While nociceptive pain or physiological pain is transient, clinical pain or pathological pain is often chronic. Animal models of persistent pain are often produced by peripheral tissue damage (inflammatory pain) or peripheral nerve lesions (neuropathic pain). Peripheral sensitization results in pain hypersensitivity in animals, such as spontaneous pain and hyperalgesia including heat hyperalgesia and mechanical hyperalgesia. Pain hypersensitivity is also manifested as allodynia. For example, animals normally do not respond to acetone (a cooling agent) or low force of von Frey hair stimulation (sub-threshold mechanical stimulation). However, after nerve injury, animals show robust painful responses to acetone application (cold allodynia) and low force mechanical stimulation (mechanical allodynia).

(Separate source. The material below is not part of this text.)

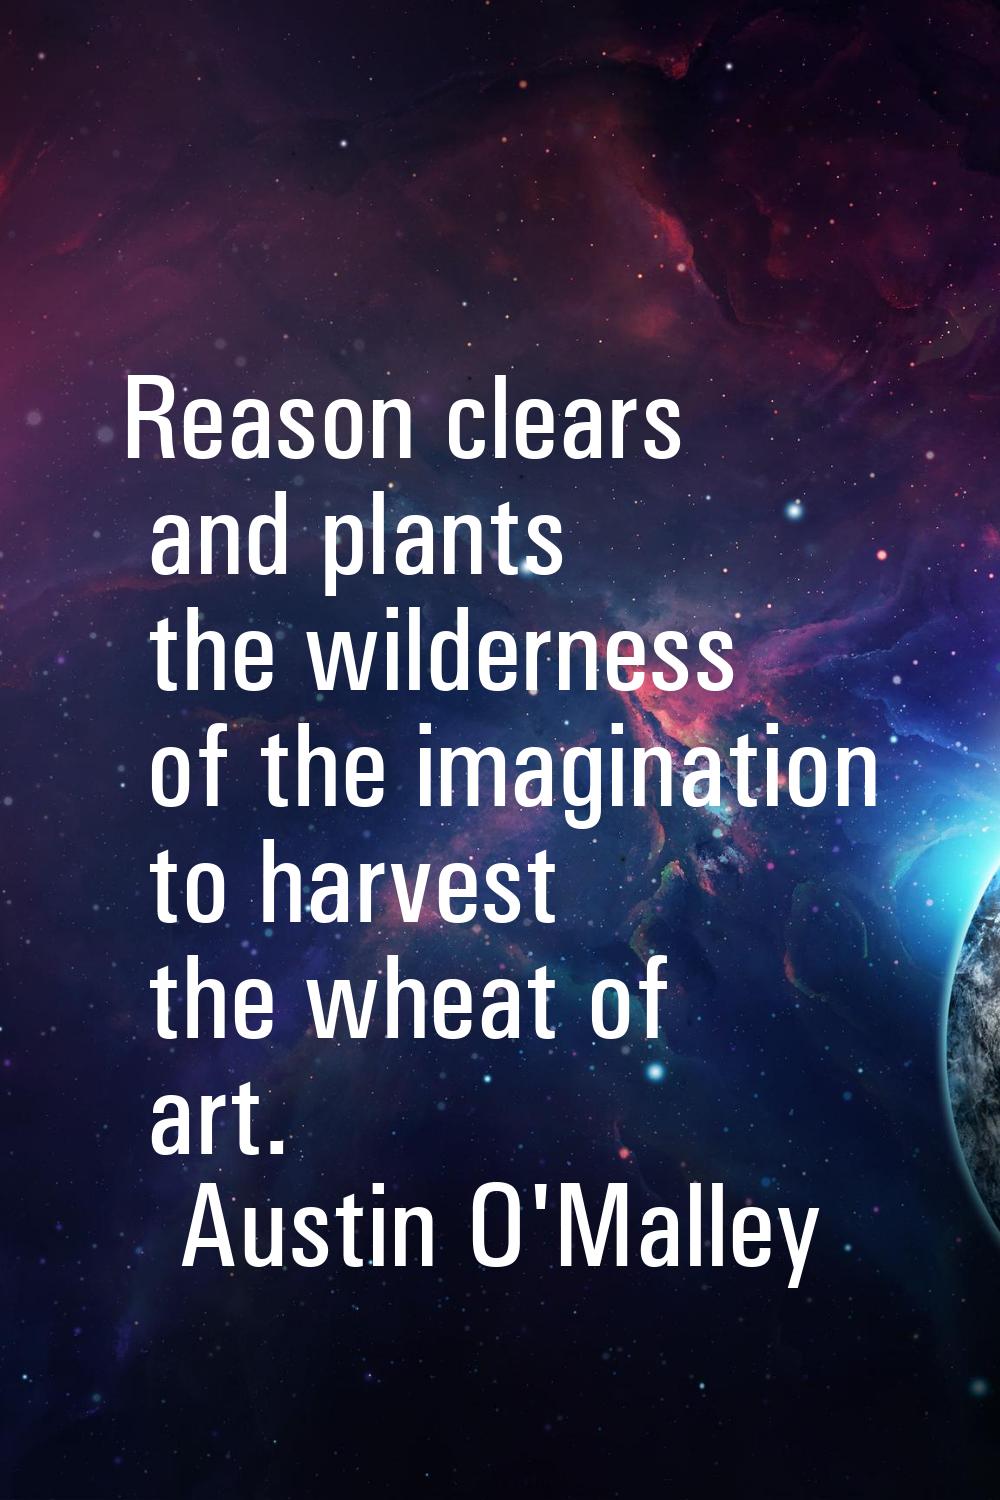 Reason clears and plants the wilderness of the imagination to harvest the wheat of art.

Induction and Maintenance of Peripheral Sensitization
Tissue injury such as surgical incision [13] or injection of chemical substances (e.g., capsaicin, formalin, carrageenan, or complete Freund’s adjuvant (CFA)) produces inflammation and heightened pain states [14]. This pain hypersensitivity arises from the production and release of inflammatory mediators such as prostaglandin E2 (PGE2), bradykinin, ATP, protons, nerve growth factor (NGF), and proinflammatory cytokines such as tumor necrosis factor-α (TNF-α) and interleukin-1β (IL-1β) from non-neuronal cells (e.g., fibroblasts, mast cells, neutrophils, monocytes, and platelets) as well as from primary sensory terminals. After nerve damage, these mediators can also be released from enclosing Schwann cells and damaged axons [15]. The soma and axons of primary sensory neurons contain receptors for these inflammatory mediators, such as G-protein-coupled receptors for PGE2 and bradykinin, ionotropic receptors for ATP and protons, tyrosine kinase receptors for NGF and cytokines [16, 17] (Fig. 1). Importantly, all these inflammatory mediators have been implicated in pain sensitization, and molecular mechanisms underlying the actions of these mediators have been intensively investigated [6, 7, 10, 11, 16–18].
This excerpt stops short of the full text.